— Продолжайте стрелять, майор… — кивнул в ответ Александр и, чуть подволакивая ногу, медленно пошел к отведенному для него дому. Этот путь за прошедшие три дня он совершал много раз.
Не такой он представлял себе осаду крепостей!
По рассказам отца и многих других генералов Александр знал, как брали штурмом те же Бендеры и Константинополь — везде пороховой дым, озверелые солдаты, идущие на приступ, и яростное сопротивление осажденных. И в конце концов развевающийся по ветру русский флаг, поднятый на одной из башен.
А тут происходило совершенно иное. Фельдмаршал поставил железных монстров, что метают тяжеленные снаряды на четыре версты, для перевозки которых были задействованы сотни повозок.
И днем и ночью идет беспощадная бомбардировка — пока одни орудия остывают, другие выплевывают смертоносные снаряды, причем совершенно безнаказанно: крепостные пушки англичан не в состоянии добросить свои ядра до позиции русской батареи, а потому гарнизон просто стоически терпит бомбардировку.
Последнее обстоятельство больше всего удивляло Александра. Он невольно восхищался англичанами, находившимися уже третий день под жесточайшим обстрелом, — гарнизон не мог не понимать, что обороняемая крепость обречена.
— Завтра к ним нужно отправить парламентера — пусть сдаются на почетных условиях!
Мэдстоун
Петр молча сидел на холодном как лед большом камне и только задумчиво хмурил брови.
— Не суди да не судим будешь!
Мягкий голос мог принадлежать только одному человеку, и Петр, повернувшись, с болью в глазах посмотрел на старого священника, возникшего неизвестно откуда.
— Почему ты ко мне приходишь только во сне? И именно тогда, когда крови пролито не просто по щиколотку, а по колено.
— Когда смерть набрасывает свое покрывало, — священник продолжал говорить мягко и увещевающе, — и освобождается человеческая боль, уходят души рабов Божьих, мир становится другим.
— Лучше или хуже? — с усмешкой спросил Петр. Раздражения у него не было, одна только бесконечная усталость.
— Я не сказал, сын мой, что он становится лучше или хуже. Он становится иным. Каждый из павших мог оставить свой след, потом его дети, внуки, правнуки, те, которые не родились и никогда не появятся на свет. Жизнь — это нить, которая протягивается через века, и нельзя ее рубить вот так просто, острой сталью…
Петр заскрипел зубами. Он думал об этом минуту назад, а старик словно прочитал его мысли.
Впрочем, почему словно?!
Глядя в эти умные усталые печальные глаза, Петр испытывал желание выговориться, распахнуть свою душу. Именно таким, как этот старик, и нужно быть настоящим пастырям, ибо это совесть людская.
Можно ухмыляться, презрительно говорить «поп», не ходить в церковь. Все можно?! Вершить злые дела и, пожимая плечами, отвечать: «не я первый начал» или «все такие», но от себя самого, от своих страданий, маеты душевной, вызванной муками совести, куда денешься?!
— Душа всегда ищет оправданий, сын мой. А оттого она их ищет, что не хочет страдать при жизни, и человек склонен прибегать не к покаянию, а к обелению и самого себя, и своих поступков…
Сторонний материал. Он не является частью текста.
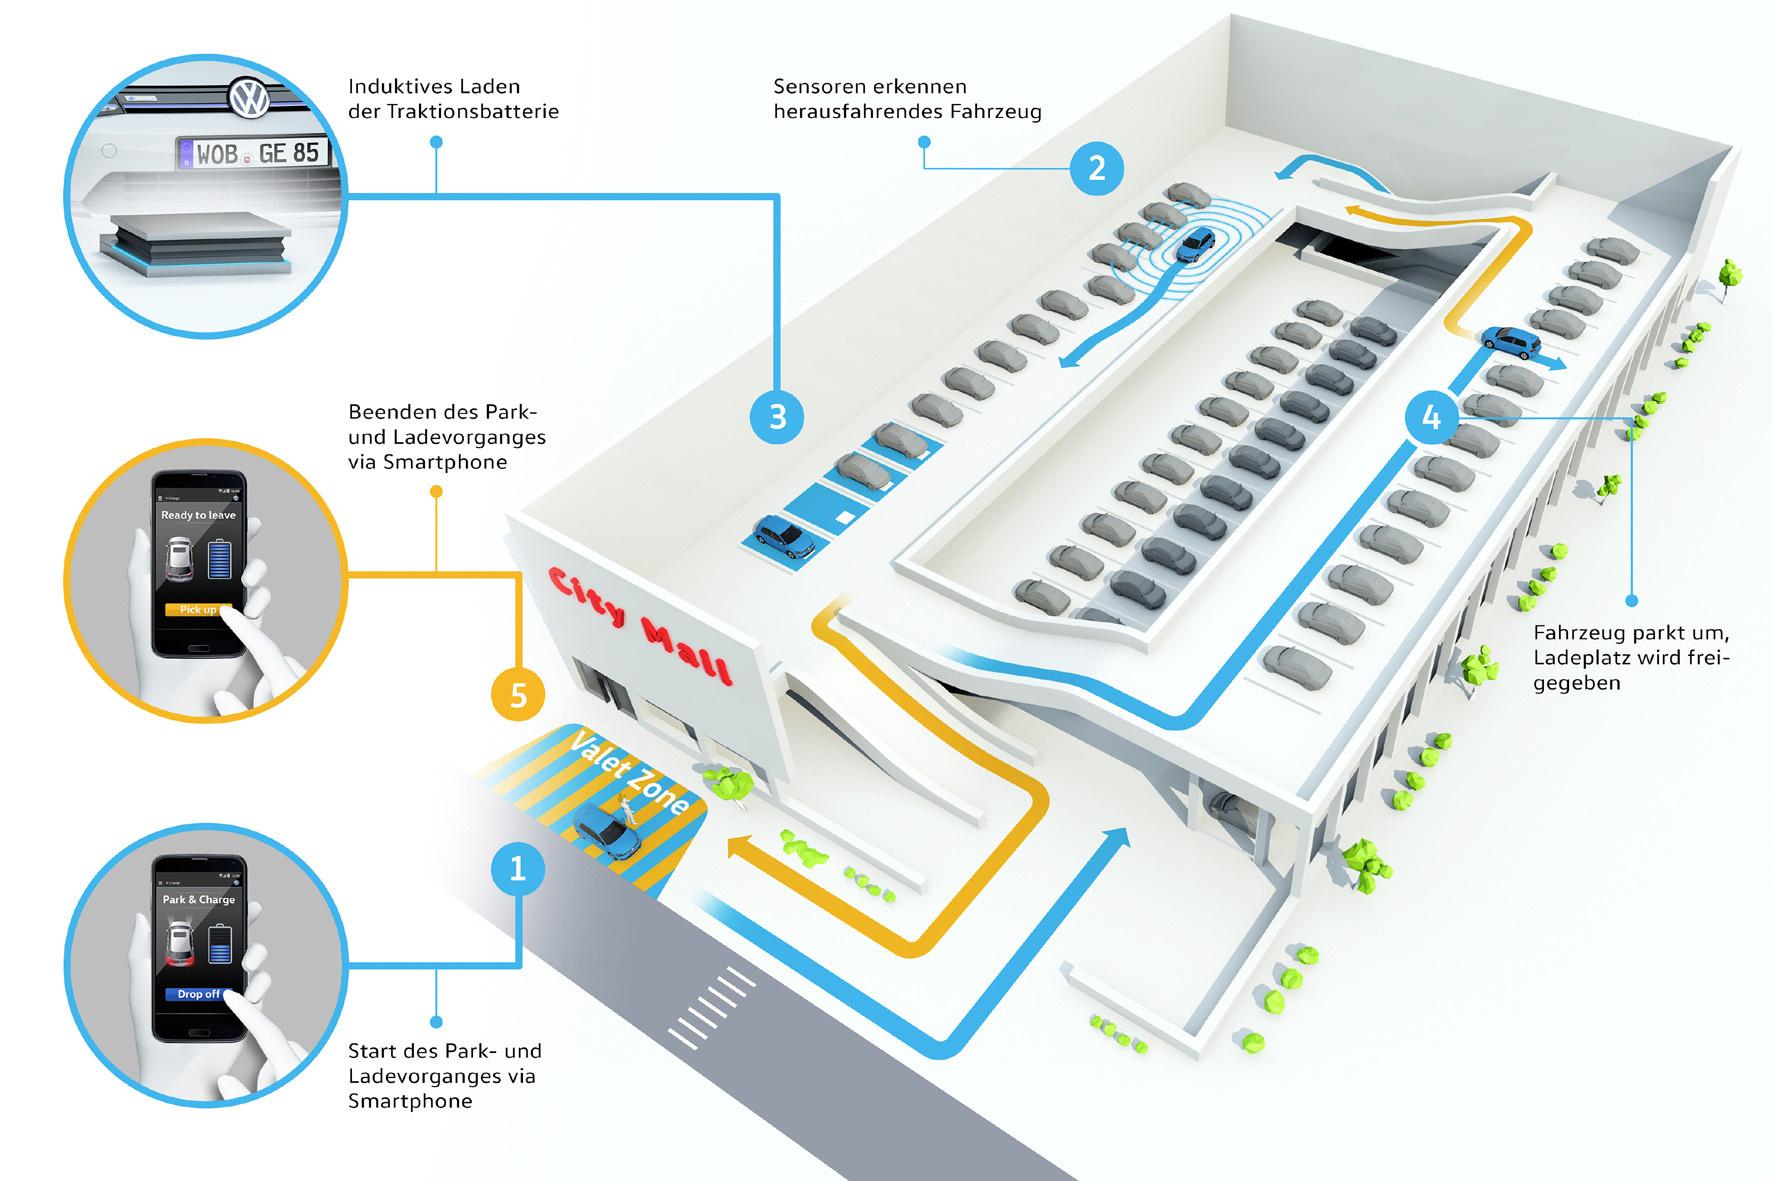 mid Wolfsburg - Künftig sollen Elektroautos im Parkhaus selbst den Weg finden und auf speziellen Parkplätzen sogar automatisch die Batterien aufladen. Der Nutzer bedient lediglich eine App auf seinem Smartphone.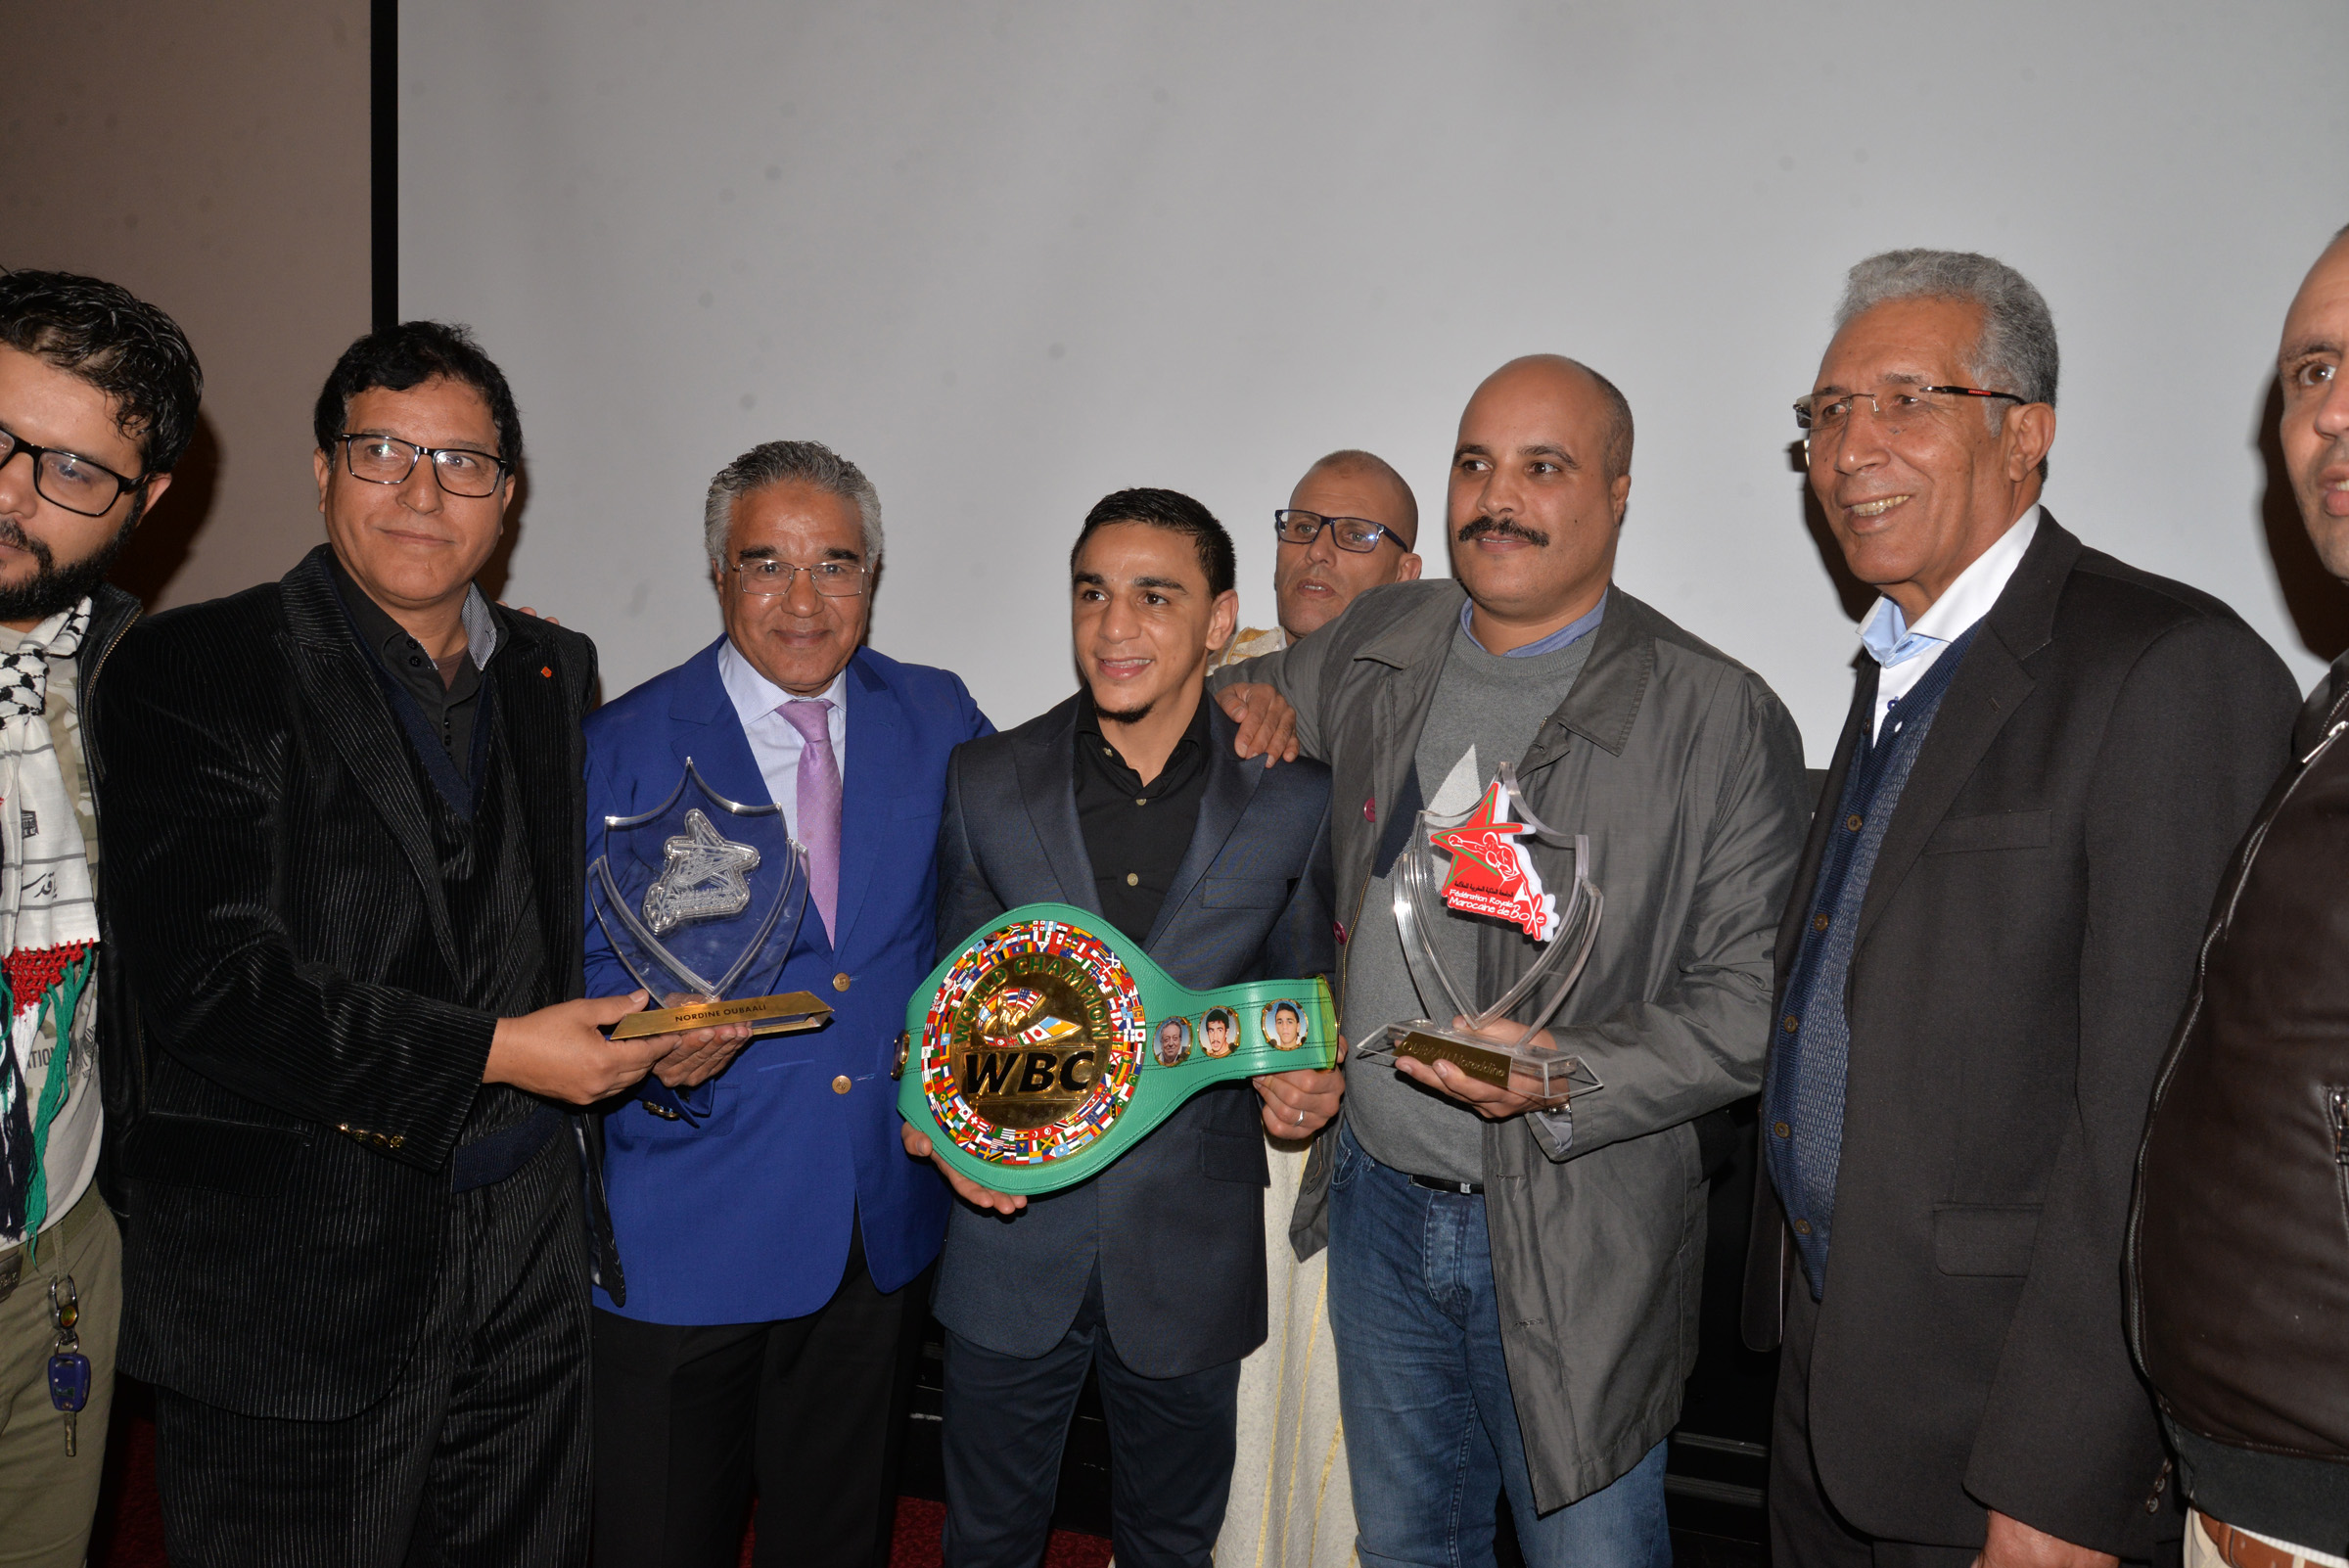 Le triple champion du monde des poids coq WBC, Oubaali, s'est dit «fier» de pouvoir partager sa victoire avec les sportifs et le public marocains. Ph : Aicpress

Старик сел рядом с ним на камень, положив узловатые, в застарелых мозолях ладони на колени. После недолгой паузы снова заговорил, и такая горечь звучала в его словах, что Петру стало еще более тоскливо, да так что зубы свело.
— Господь говорил: «Мое мщение, аз и воздам!» Ты чувствуешь в себе правоту, сын мой, когда хочешь истребить целый народ?
— Но ведь были Содом с Гоморрою! Да и потоп неспроста случился, святой отец!
— Ты хочешь стать Вседержителем?
Бесхитростный вопрос старика сразил Петра наповал — крыть на него было нечем. А тот таким же тихим голосом продолжил говорить, а каждое его слово проникало во все клеточки мозга:
— Представь на секунду, сын мой, что на свете разом исчезли лошади. Будет от того жить легче другим? А что станет с твоей армией? Вот то-то и оно! Так то скотина бессловесная, а тут люди живые, с душою, искрой Божьей осененные.
— Так что же делать? — прошептал Петр.